The point isn’t that restoration isn’t important.  The point is it should be done deliberately, not in industrial doses, not during the breeding season and, most significantly,  the restoration of Cheasty or any other natural area should not be traded for ownership, or seen as an excuse for a change in land-use.

 

Two issues regarding restoration that are slightly peripheral to the ad

Restoration community is a overly coniferous focused—and this is especially a problem in Cheasty

 

From talking to Mira Latoszek, the author of the book Seattle’s Beacon Hill, I have become aware that Beacon Hill was essentially an island of deciduous forest in a sea of coniferous.  Latoszek provides three references to support this belief which I will list here:

One:

Two

Three
(excerpts from the book “Native Seattle” by Coll Thrush –  http://www.washington.edu/uwpress/search/books/THRNAC.html)

 

The Duwamish Tribe’s name for Beacon Hill translates to “yellow-green spine,” referring to the much warmer color of green of Aspen, Big-leaf Maple and Willow (and possibly Water Birch and Black Cottonwood?  I sure do not know!) that lived on Beacon Hill compared to the dark green of the Doug Fir/ Western Red Cedar/ Western Hemlock forest that covered much of the rest of Seattle.

I have noticed that regardless of the location and even in riparian areas, the restoration community in Western Washington is somewhat nutty for coniferous.   Since coniferous is generally less productive for wildlife and birds, this is especially a problem where coniferous does not belong and should not be encouraged, such as Cheasty.  There is only one appropriate coniferous tree to ever plant in W WA riparian wetlands, (which is much of Cheasty) in any case, and that is Sitka Spruce and Sitka Spruce seems to be spaced far apart in natural NW riparian wetlands, between large numbers of deciduous trees.

A migrating Yellow-rumped Warbler in Cheasty from April of 2014.

A migrating Yellow-rumped Warbler in Cheasty from April of 2014.

The Restoration community can fail to see the advantages of triaging invasives

 Furthermore, there is another potential problem with the restoration community’s approach.  It is not to view the native issue with a “triage” mentality.  Some non-natives are playing the same role in the eco-system as a similar native species played and can therefore be very valuable to the wildlife Community.  Particular examples include, say the non-native Water-lillies in Andrews Bay at Seward Park and the Norway Maples in Cheasty.  Removing either in the name of helping nature, especially on an industrial-scale and quickly, on the simple grounds they are non-native, would be a serious error.

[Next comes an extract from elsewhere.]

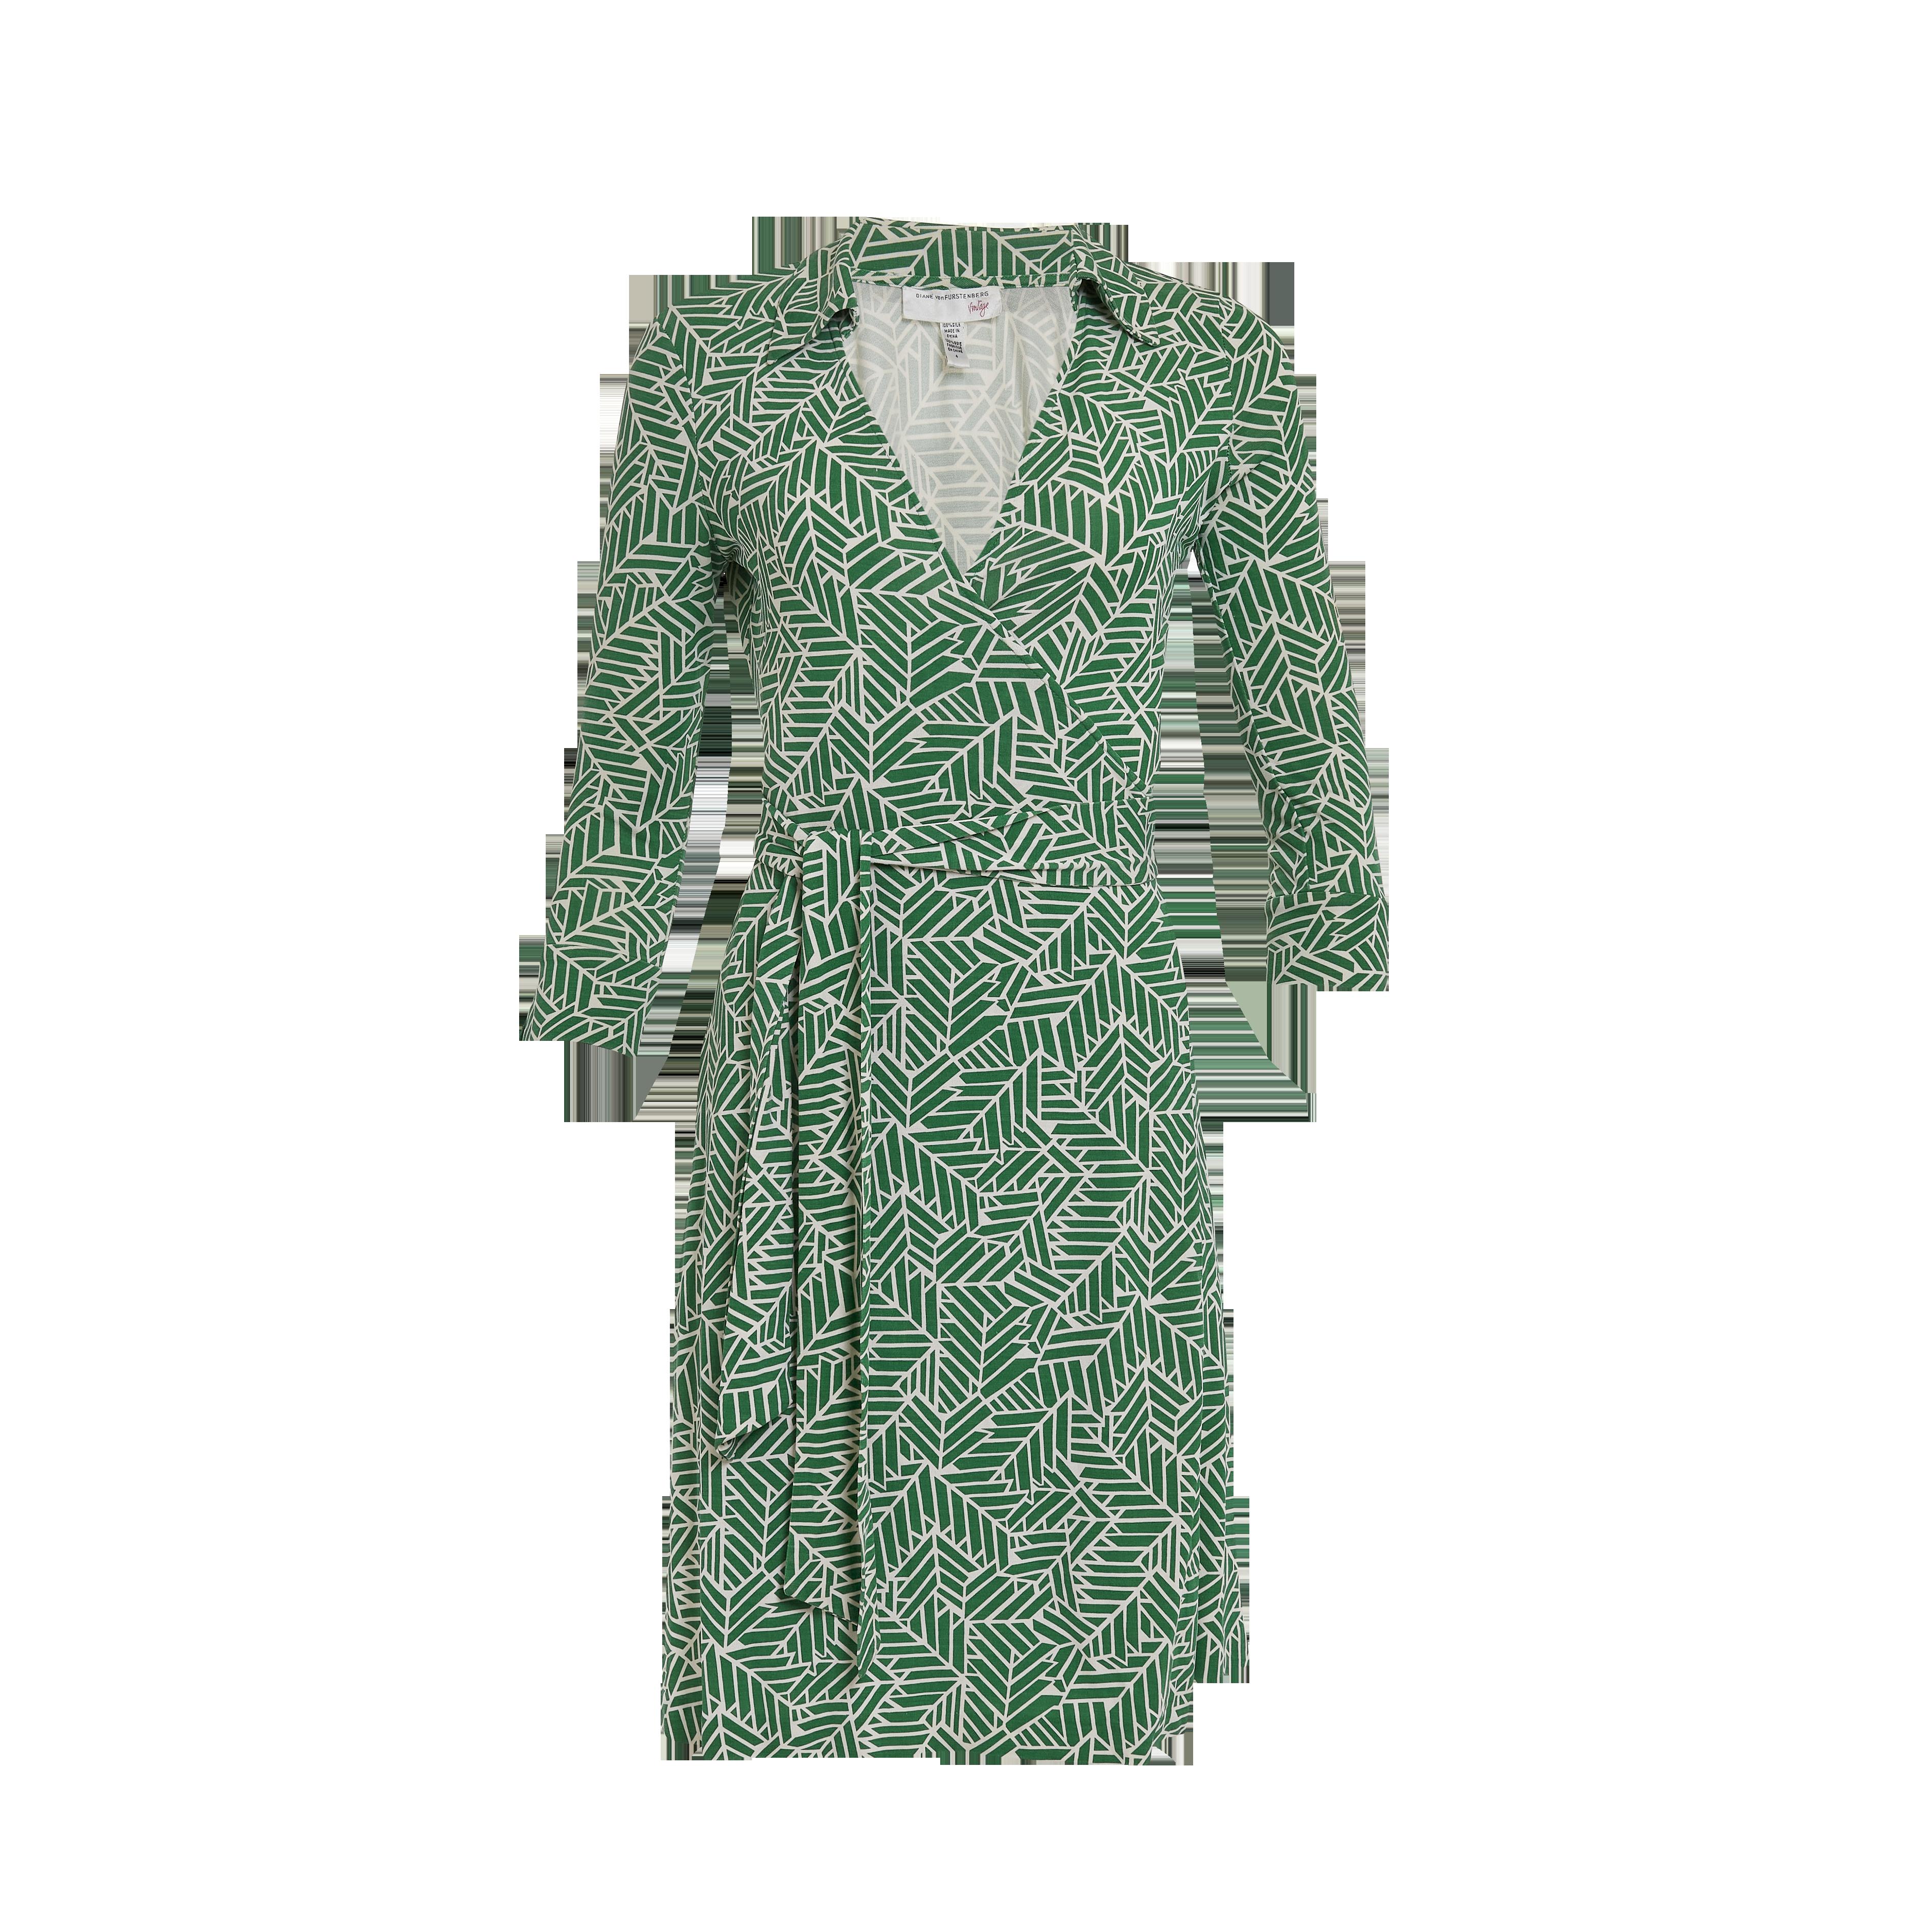 Rent Diane Von Furstenberg Vintage Green Printed Wrap Dress For 20 00 Wrap Dress Diane Von Furstenberg Wrap Dress Diane Von Furstenberg Style [ 3781 x 3781 Pixel ]

Manipulation of a homeless issue

I have made this point on this blog-site before, but the homeless situation was managed to favor the land-grab from the beginning.  Instead of doing anything about a man who was excavating the wetland area of Cheasty, Parks and the Mtn.bike community working together just used the damage to promote the notion that only bike trails could rid Cheasty of this menace.  In fact, Park vips gave the homeless man a disparaging nickname and included pictures of his work in all their PowerPoint presentations about Cheasty.  When KIRO TV discovered the issue, it was dealt with immediately, in the absence of bike trails.

This shot I took of a Wilson's Warbler is from the Union Bay Natural Area from Jan. 14 of this year. Wilson's Warblers are unusual in W. WA in winter but do occur. This bird ironically, is foraging on a non-native plant.

This shot of a Wilson’s Warbler is from the Union Bay Natural Area from Jan. 14 of this year. Wilson’s Warblers are unusual in W. WA in winter but do occur, perhaps increasingly because of climate change, but I don’t know that. This bird ironically, is foraging on a non-native plant.

 Wilson’s Warbler and Pacific-slope Flycatcher

Many species nested in Cheasty, including some probably we don’t know about–it sure didn’t get much coverage.  A Cooper’s Hawk family that has been nesting there for at least 4 years (this info from conversations with raptor expert Ed Deal) actually fledged 5.  We have reason to think a Barred Owl raised a family there.  Brown Creepers appear to do especially well in Cheasty, and it’s possible an American Goldfinch family bred at the wetland. Dark-eyed Junco nested, along with Spotted Towhee and Song Sparrow and presumably Pacific Wren, all birds that forage and nest on or near the forest floor.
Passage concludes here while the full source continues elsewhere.